Empatamos com os campeões da América do Sul, exulta o cronista do ‘Estadão’


Ademir Medici

27/05/2019 | 07:00


Domingo, 25 de maio de 1919, Estádio de Laranjeiras, o campo do Fluminense, no Rio de Janeiro. Última partida do III Campeonato Sul-Americano de Futebol. O Uruguai, que vencera as duas versões anteriores, marca dois gols no Brasil, coloca a mão na taça do tri, mas não resiste ao entusiasmo dos brasileiros.

Conseguimos um honroso empate, com dois gols de Manoel Nunes, o Neco do Corinthians – “o primeiro grande ídolo alvinegro”, como o define o jornalista Celso Unzelte, autor do Almanaque do Timão.

Festa no Rio, festa em São Paulo, porque mais uma vez o jornal O Estado de S. Paulo transmitiu o jogo via sistema telefônico: o setorista no Rio comunicando os lances principais da peleja – como se dizia – e os colegas na retaguarda, em São Paulo, afixando cartazes na porta do jornal, localizado na Praça Antonio Prado, mais precisamente no Palacete Martinico Prado, como nos informa Sérgio Miranda Paz, um dos historiadores do Memofut (Grupo Literatura e Memória do Futebol).

Também foi tirada uma edição extra naquele mesmo dia, o Estadinho, imediatamente enviada para as bancas e para cidades como Campinas, conforme relata o correspondente local. Evidentemente que nossos antepassados do Grande ABC também devem ter recebido esta edição histórica.

Termina a fase regulamentar do Sul-Americano de 1919 com Brasil e Uruguai empatados em primeiro lugar, cinco pontos ganhos cada um, mesmo que os brasileiros tenham vencido no saldo de gols. Mas tudo seria resolvido com uma partida extra, como se verá.

Um cronista que se assinava ‘P’. Simplesmente ‘P’.E o seu artigo saiu titulado assim: ‘Football’
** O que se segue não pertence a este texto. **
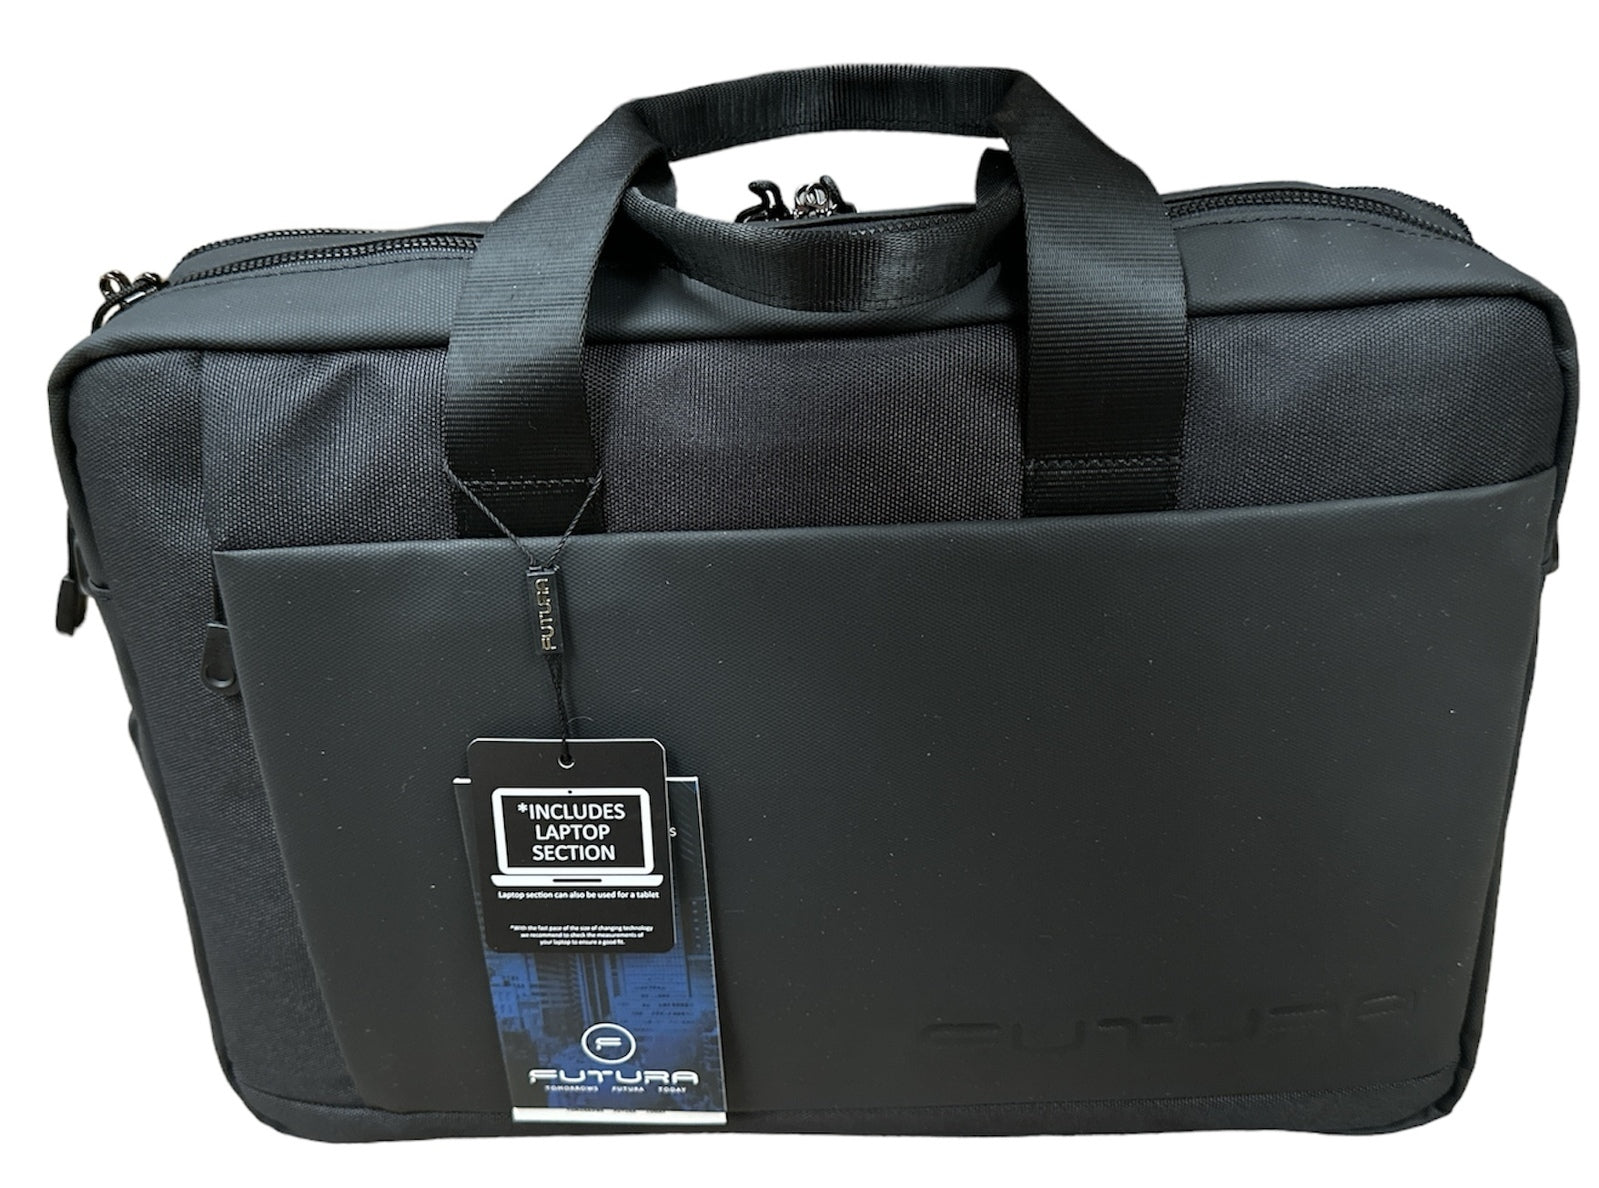 15" Futura Laptop Computer Bag Travel Work Messenger Bag w/USB Port - Black

- A cada instante afixávamos aqui no Estado um quadro com as últimas impressões do nosso representante no Rio. E a multidão a clamar de entusiasmo ou indignação, conforme era dos brasileiros ou dos uruguaios o ponto anunciado.
- Por vezes o clamor de ovação era formidável, como raríssimas vezes se têm visto na Praça Antonio Prado, que é o coração da cidade.
- O largo tão cheio que a mim custou chegar ao Estado; e os próprios bondes quase não podiam ganhar a Rua do Rosário.
- Com que infinito e transbordante entusiasmo o povo recebeu a noticia final, de que houvéramos empatado com os campeões da América do Sul.
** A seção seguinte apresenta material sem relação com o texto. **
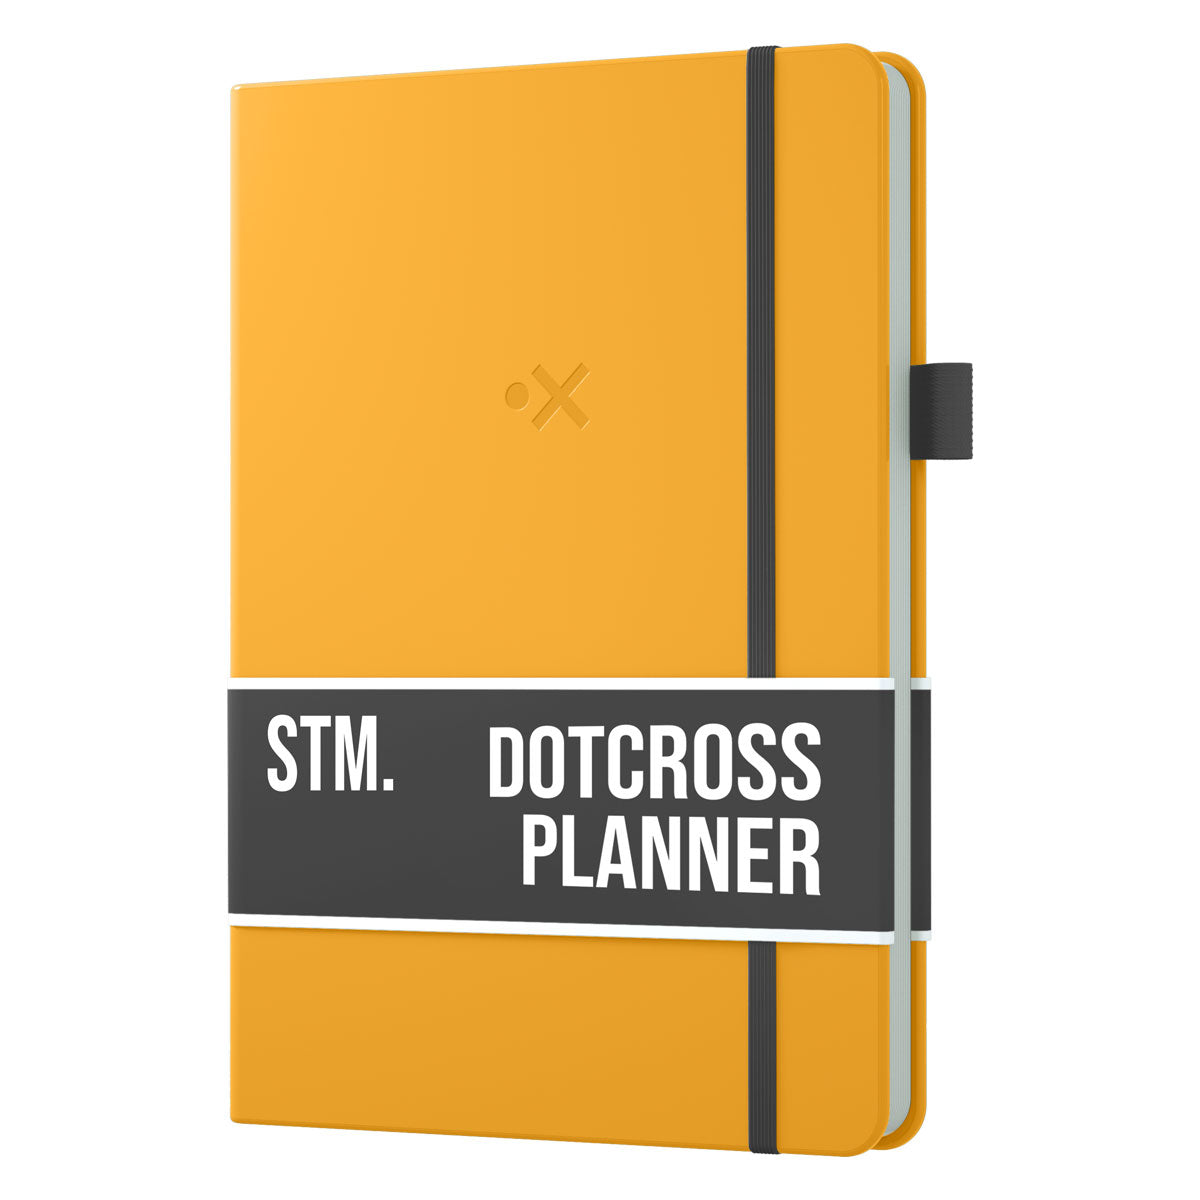 DotCross Planner - Undated

Enquanto isso, no futuro Grande ABC

- Em São Bernardo, o Primavera recebia o Juvenil Ruggerone, da Capital, para partidas entre os primeiro e segundo quadros.
- Em São Caetano, o Monte Alegre comemorava o segundo aniversário de fundação e jogava amistosamente com a Associação Atlética ABC, da Capital.
- Não sabemos se naquele domingo houve jogo do Serrano em Paranapiacaba. O que sabemos é que será muito importante que, um século depois, a Prefeitura de Santo André se esmere e dê um jeito no estádio local, que é lindo, formoso, contemplativo, histórico, mas está totalmente abandonado.

E no Brasil...
- Era lançada uma revista esportiva: Sports. Biblioteca do Museu do Futebol, prezado amigo e xará Ademir Takara, será que temos a coleção daquela revista?
 

Interação com Facebook
 

‘Ao redor das metáforas de decomposição’

No fundo de um sanitário público, numa dimensão qualquer do espaço, percebo a pálida figura do poeta.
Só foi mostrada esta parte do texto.